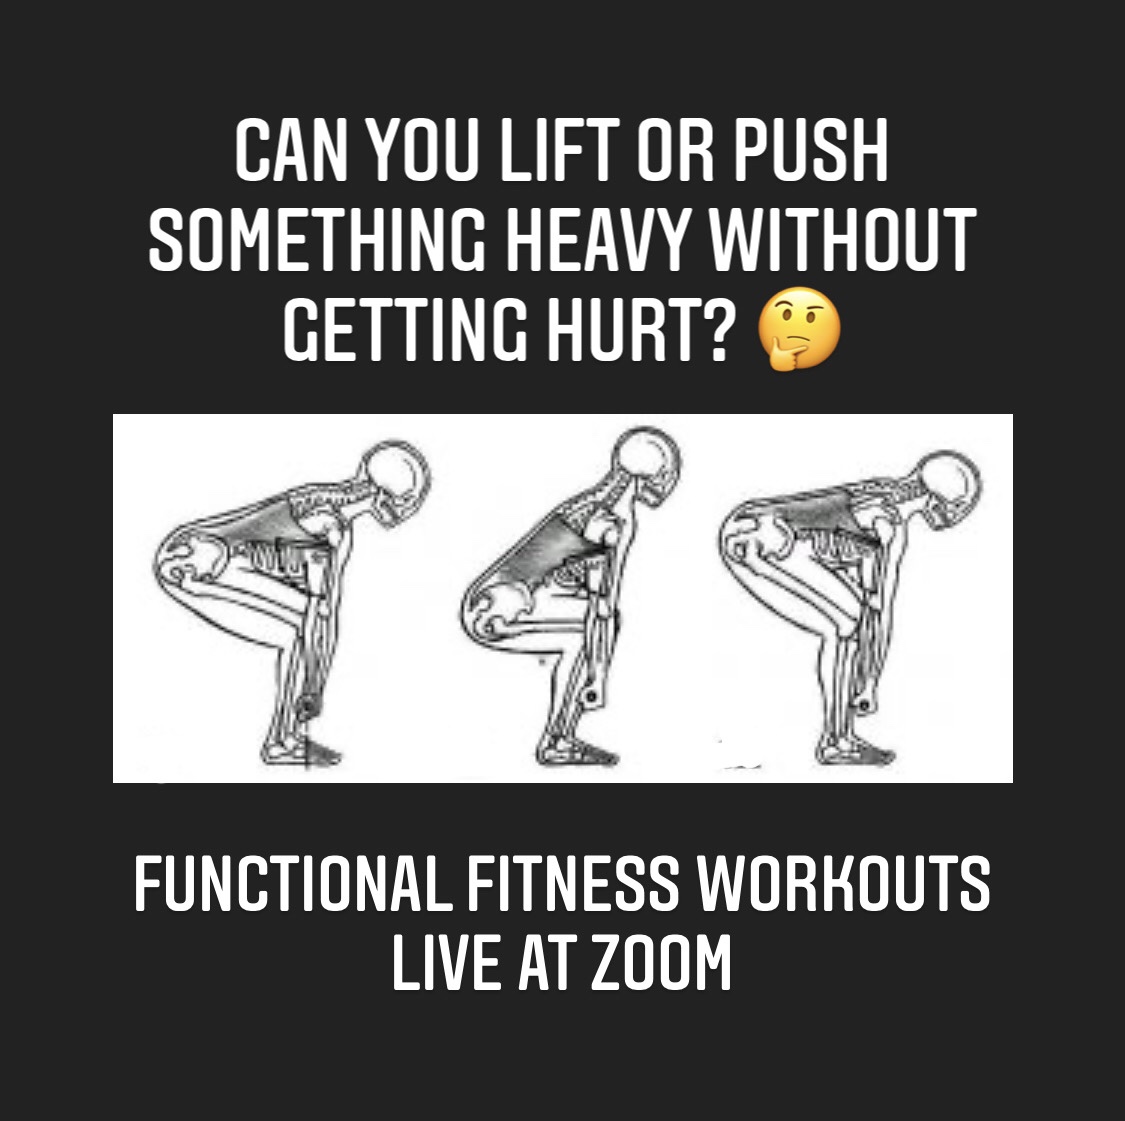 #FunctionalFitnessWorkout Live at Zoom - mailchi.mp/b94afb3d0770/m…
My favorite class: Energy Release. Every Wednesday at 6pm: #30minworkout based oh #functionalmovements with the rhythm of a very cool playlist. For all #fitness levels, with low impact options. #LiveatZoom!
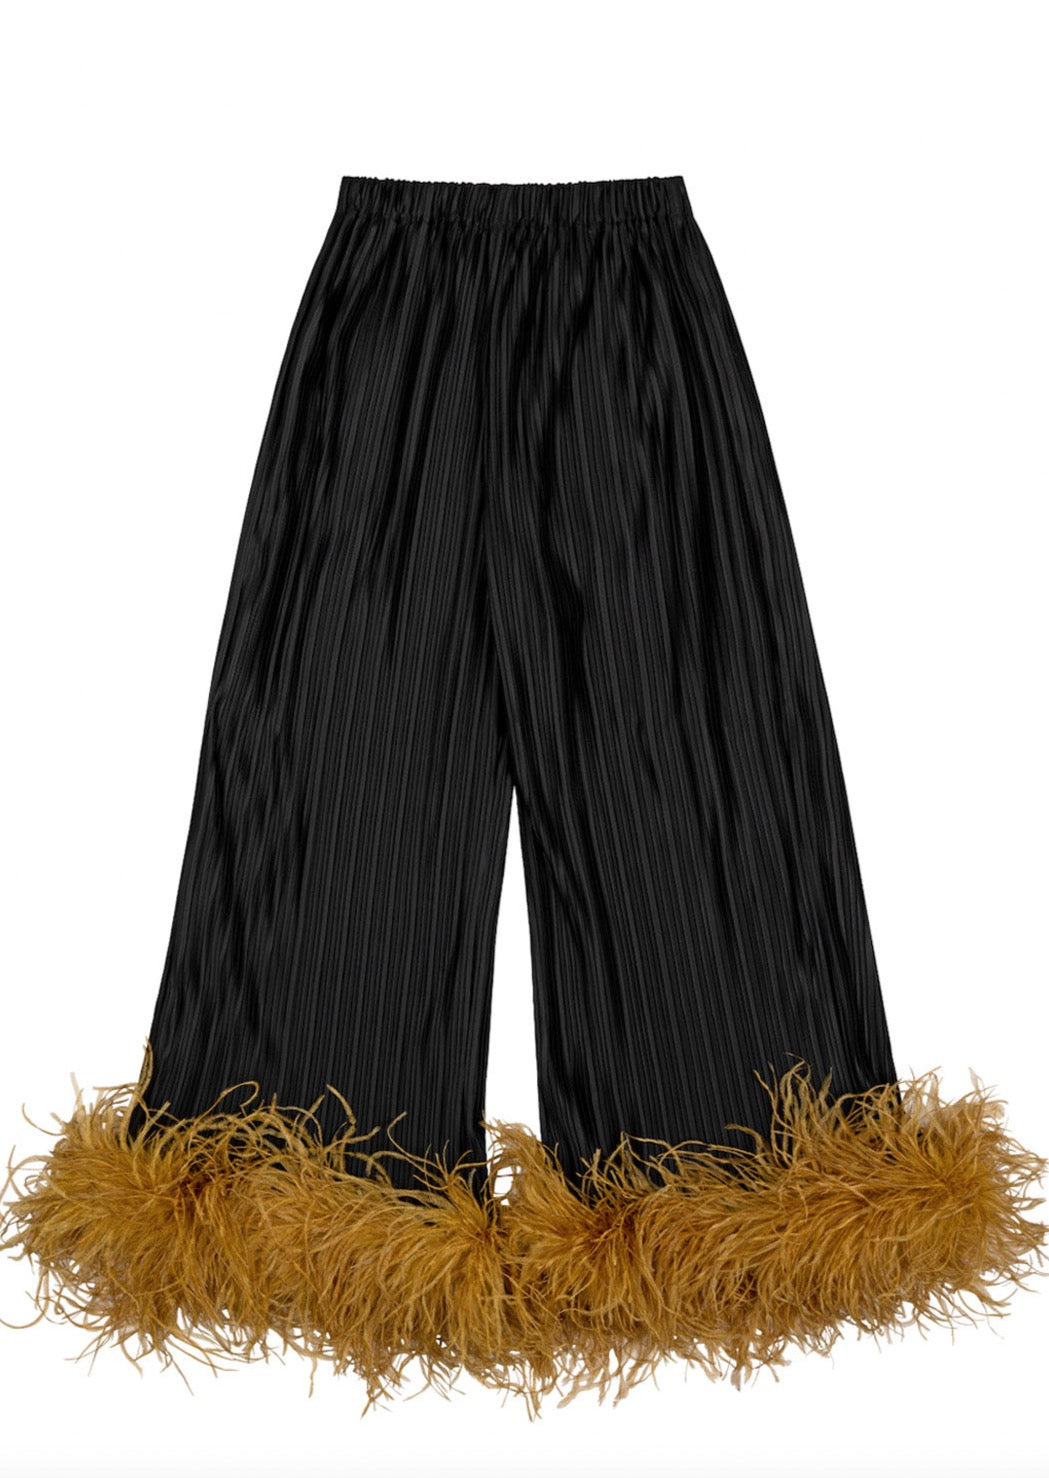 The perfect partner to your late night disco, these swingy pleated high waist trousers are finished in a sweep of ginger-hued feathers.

□ □ □ □ □ □ □

## Instructions for the task
Could you give the material again exactly as it stands, omitting any image?

## Exercise answer
 #FunctionalFitnessWorkout Live at Zoom - mailchi.mp/b94afb3d0770/m…
My favorite class: Energy Release. Every Wednesday at 6pm: #30minworkout based oh #functionalmovements with the rhythm of a very cool playlist. For all #fitness levels, with low impact options. #LiveatZoom!
 The perfect partner to your late night disco, these swingy pleated high waist trousers are finished in a sweep of ginger-hued feathers.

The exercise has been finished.